Activity =
Only one stretch of the records below should be repeated. It starts with the line containing "bathroom vanity with" and goes on through the line containing "Tênis Nike Downshifter", exactly as written.

╭─ Input data

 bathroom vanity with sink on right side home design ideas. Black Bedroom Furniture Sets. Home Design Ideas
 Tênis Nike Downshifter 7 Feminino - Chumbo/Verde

╰─
╭─ Input data

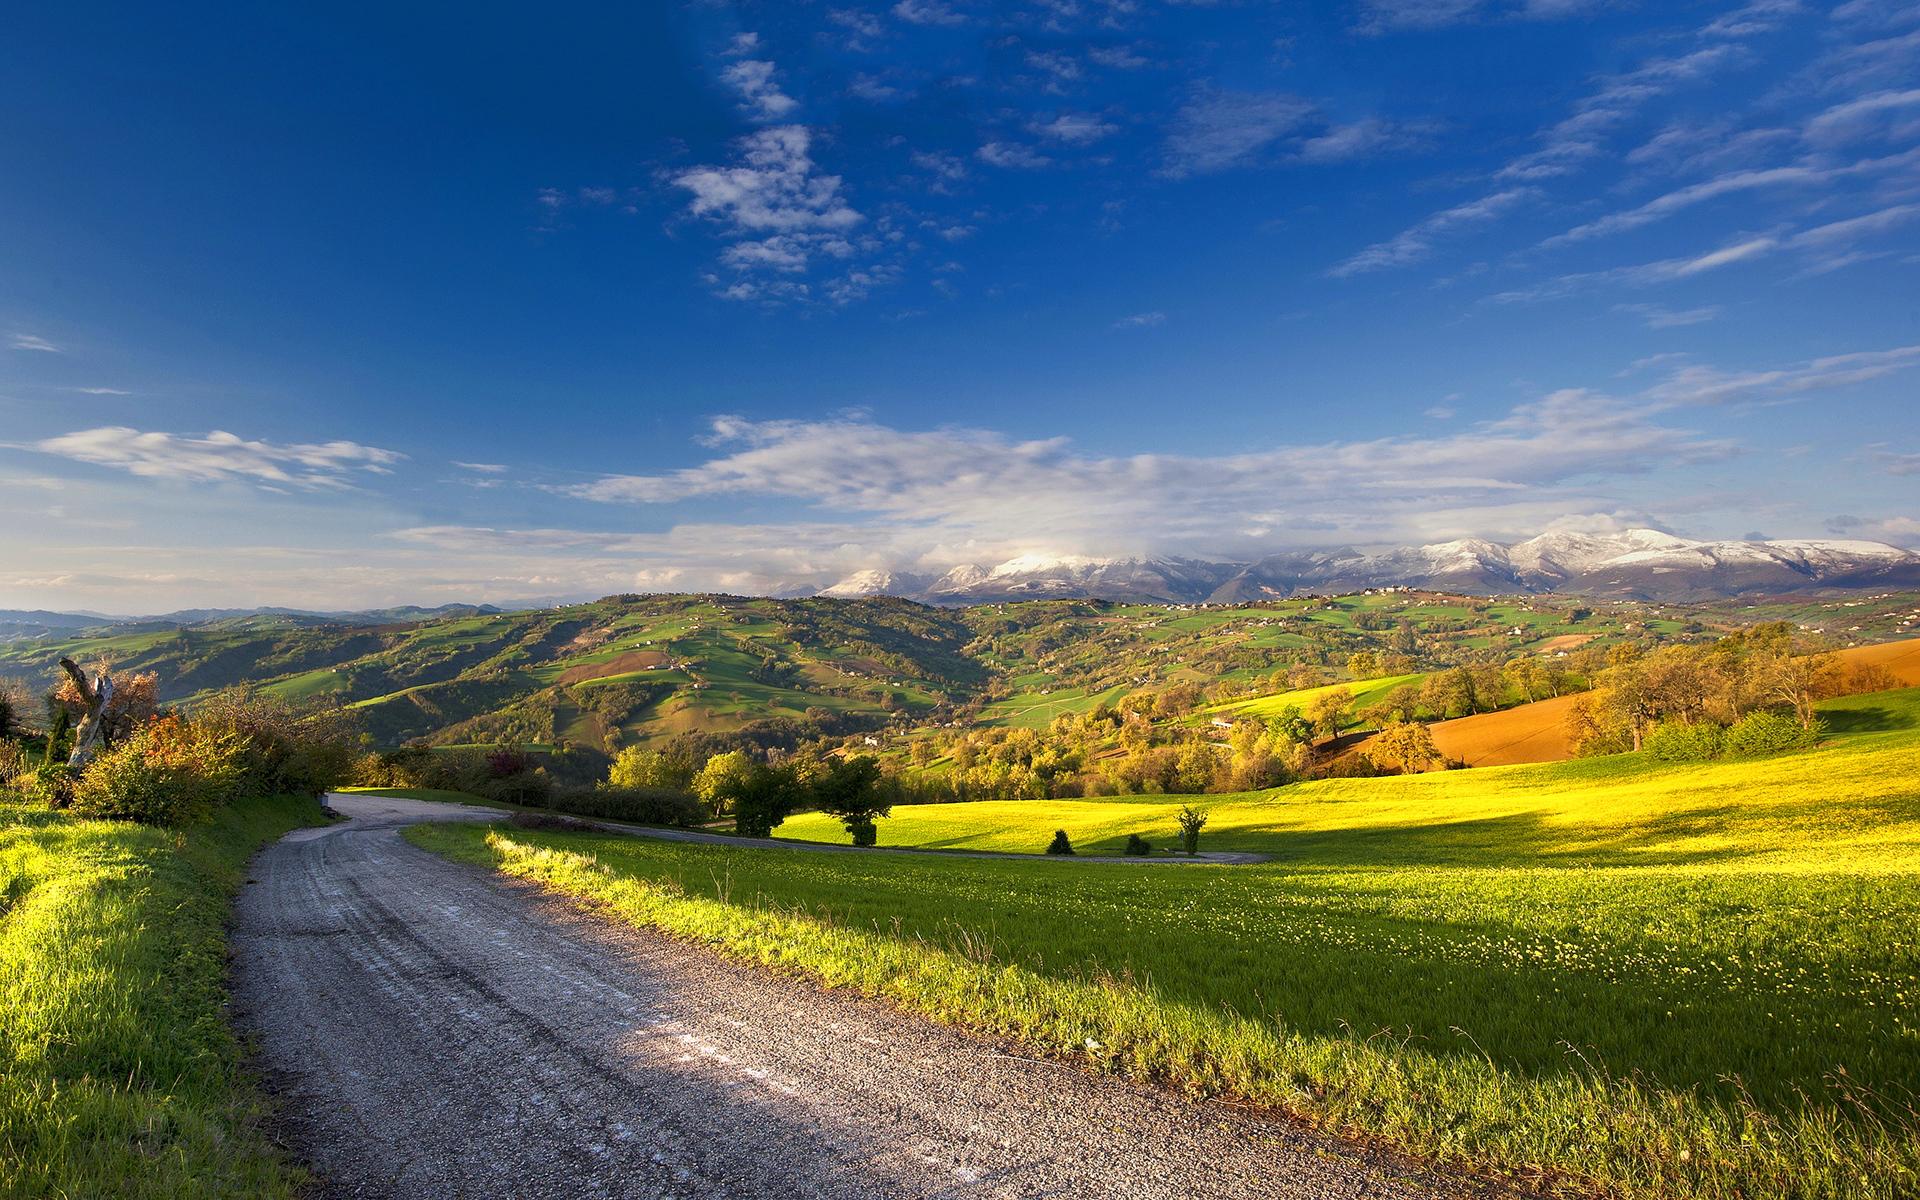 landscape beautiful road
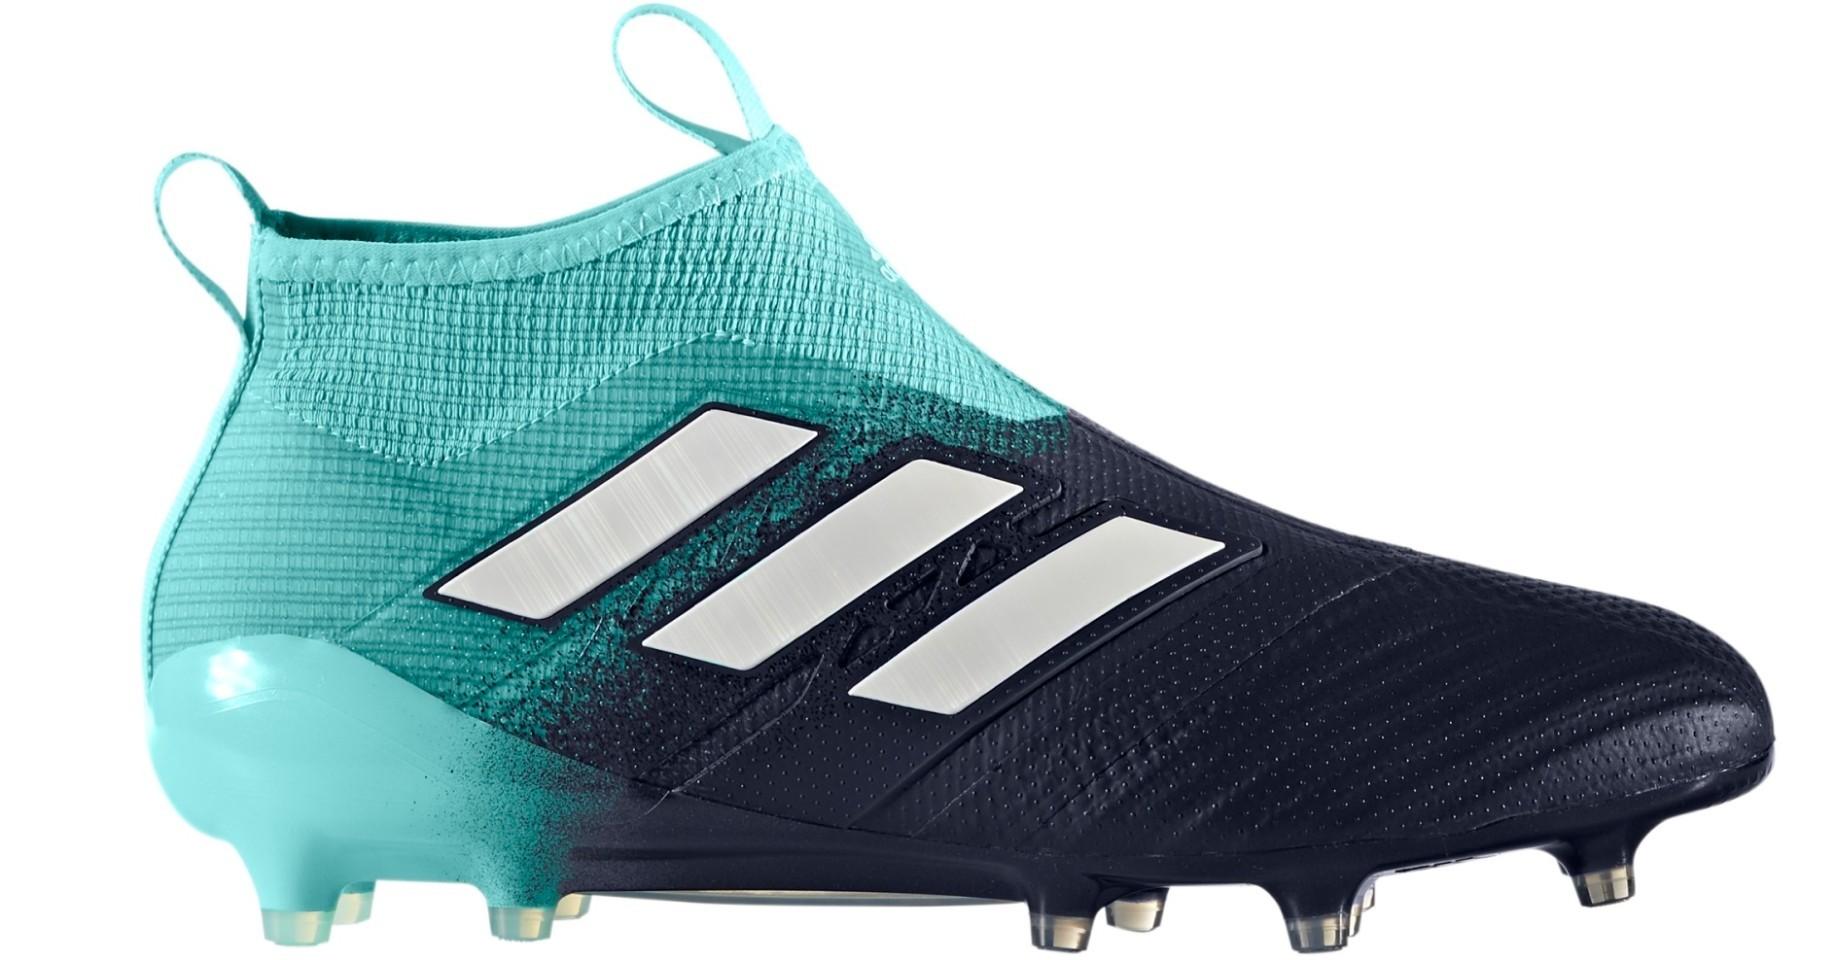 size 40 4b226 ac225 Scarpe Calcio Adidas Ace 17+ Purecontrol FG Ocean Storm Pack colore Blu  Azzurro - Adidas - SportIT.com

╰─
╭─ Input data

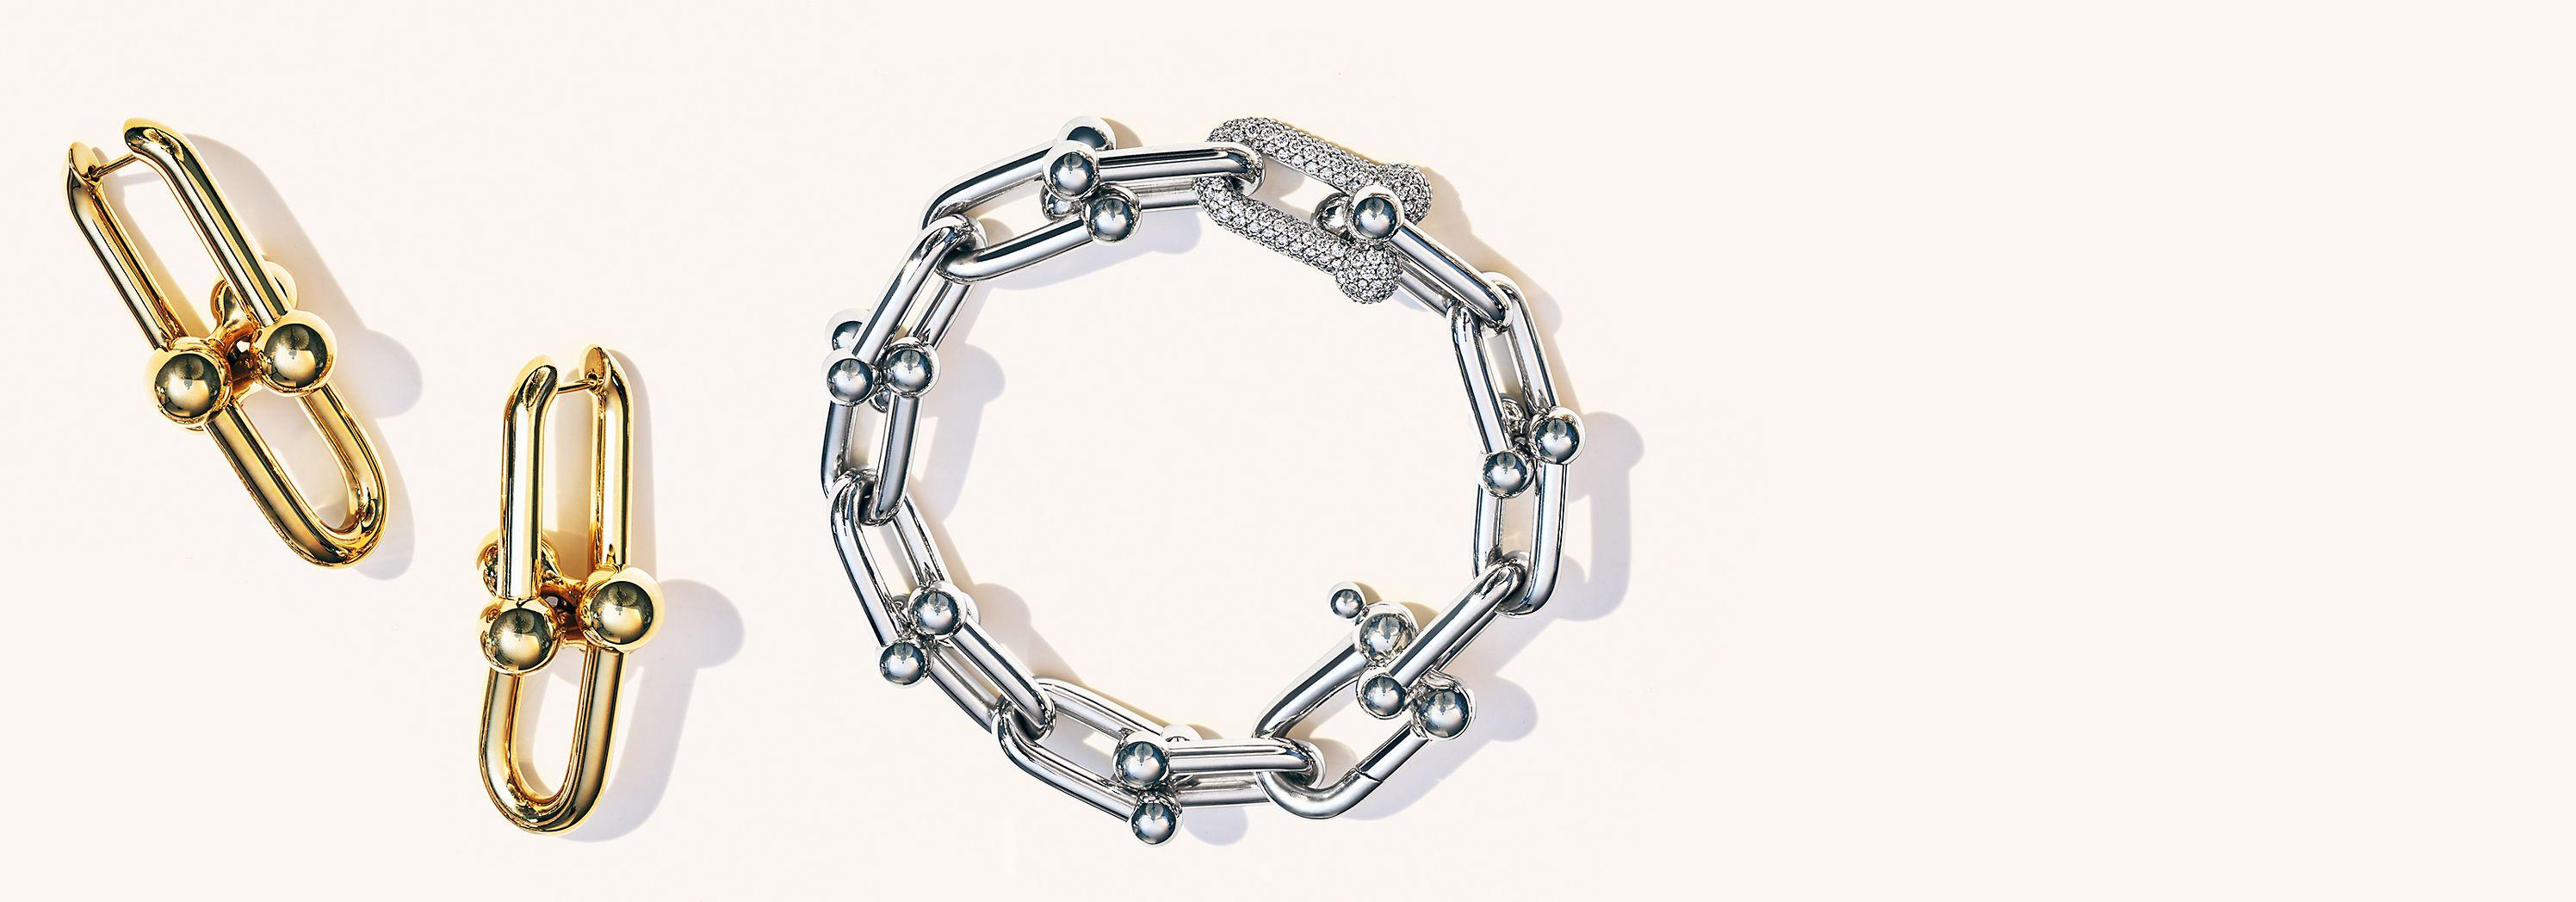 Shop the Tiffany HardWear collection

╰─

Task result =
 bathroom vanity with sink on right side home design ideas. Black Bedroom Furniture Sets. Home Design Ideas
 Tênis Nike Downshifter 7 Feminino - Chumbo/Verde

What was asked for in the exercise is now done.